In the stimulation session, within each subject, we first computed: i) the difference in the late ERP component between the weakest and strongest ERD bins; ii) the difference in ERP between the weakest and strongest prestimulus power bins (separately for the early and late time window); iii) the difference in ERD between the weakest and strongest prestimulus power bins. For the group-level statistical inference, we computed the t statistics of these differences (ΔV) against the null hypothesis that there was no difference between the bins.
In both sessions, a non-parametric cluster based permutation test was used to determine significant effects while addressing multiple comparisons (Maris and Oostenveld, 2007).

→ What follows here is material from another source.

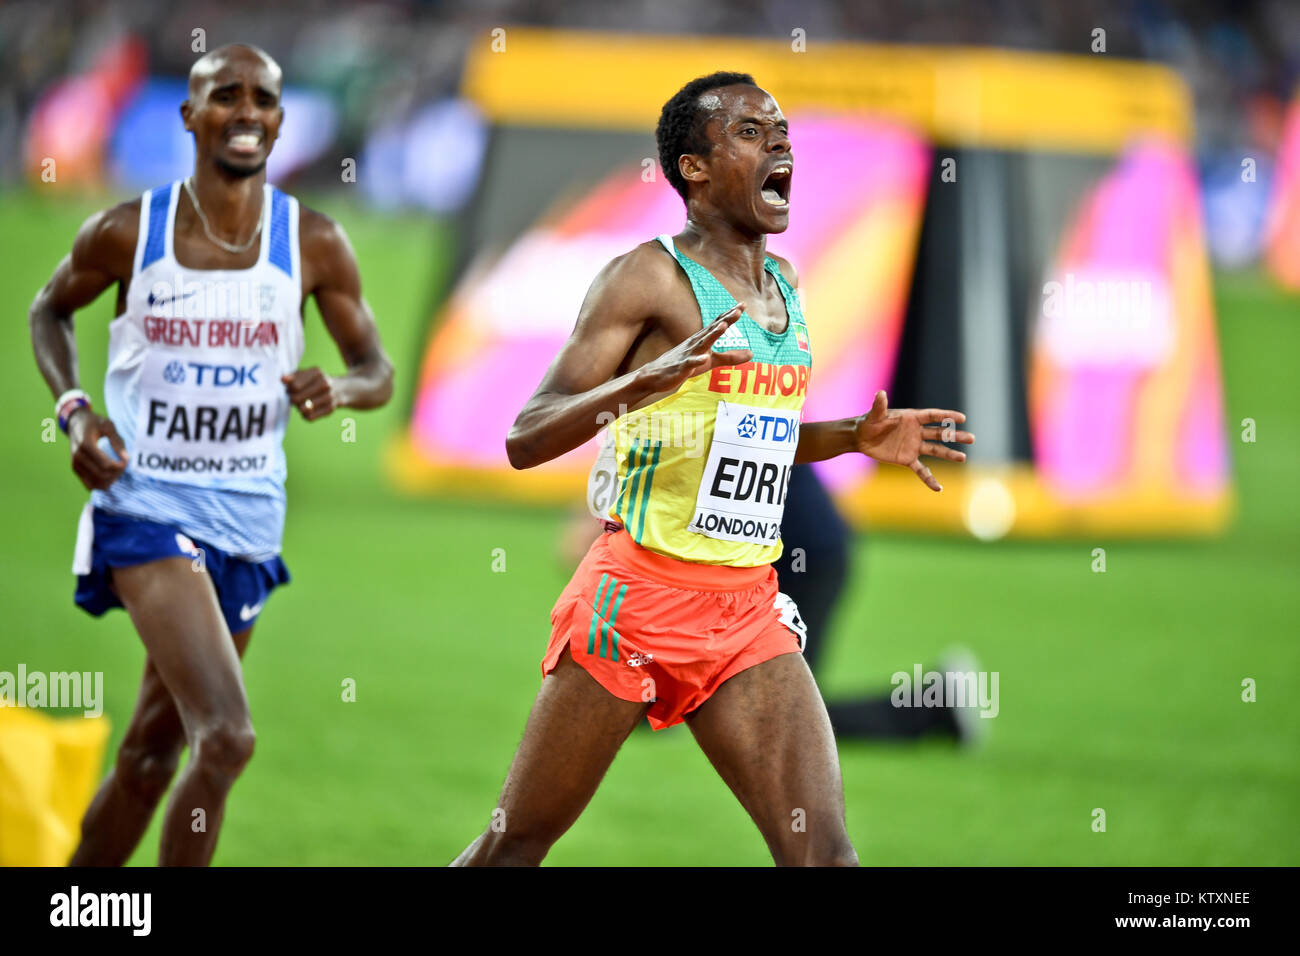 Muktar Edris (Éthiopie) remporte le 5000m hommes Médaille d'or, laissant Mo Farah (Grande-Bretagne) à la deuxième place aux Championnats du monde IAAF - London 2017 Banque D'Images

We obtained a distribution of the variables of interest (i.e. AFAI /BSI for resting-state session and ΔV for stimulation session) under the null hypothesis by randomly permuting their signs 1000 times across participants. On each iteration, we tested the resulting variables with a two-tailed t-test against zero and assessed the sum of the t-values within the largest contiguous cluster of significant frequency-electrode (in the resting-state session) or time-frequency-electrode points (in the stimulation session) (cluster p-value = 0.05), resulting in a distribution of t-sums expected under the null hypothesis. A final p-value was calculated as the proportion of t-sums under the null hypothesis larger than the sum of t-values within clusters in the observed data. Because: i) the cluster permutation test is based on sampling all time points; and ii) the ERP signal comprise early, fast components and late, slow components having different statistical properties, we decided to test for significant effects separately during the early (< 0.200 s) and late (> 0.200 s) time window. To correct for multiple comparisons due to running the test twice on the same time series, we divided the final permutation p value by 2 (final p-value = 0.025, bonferroni corrected) and considered effects significant only if their p values was below this threshold. We performed the statistical test separately for positive and negative clusters as recommended by Maris and Oostenveld (2007) for a two-sided cluster permutation test. We focused the statistical analysis on all electrodes, on frequencies from 5 to 30 Hz and between 0 and 0.900 s relative to stimulus onset.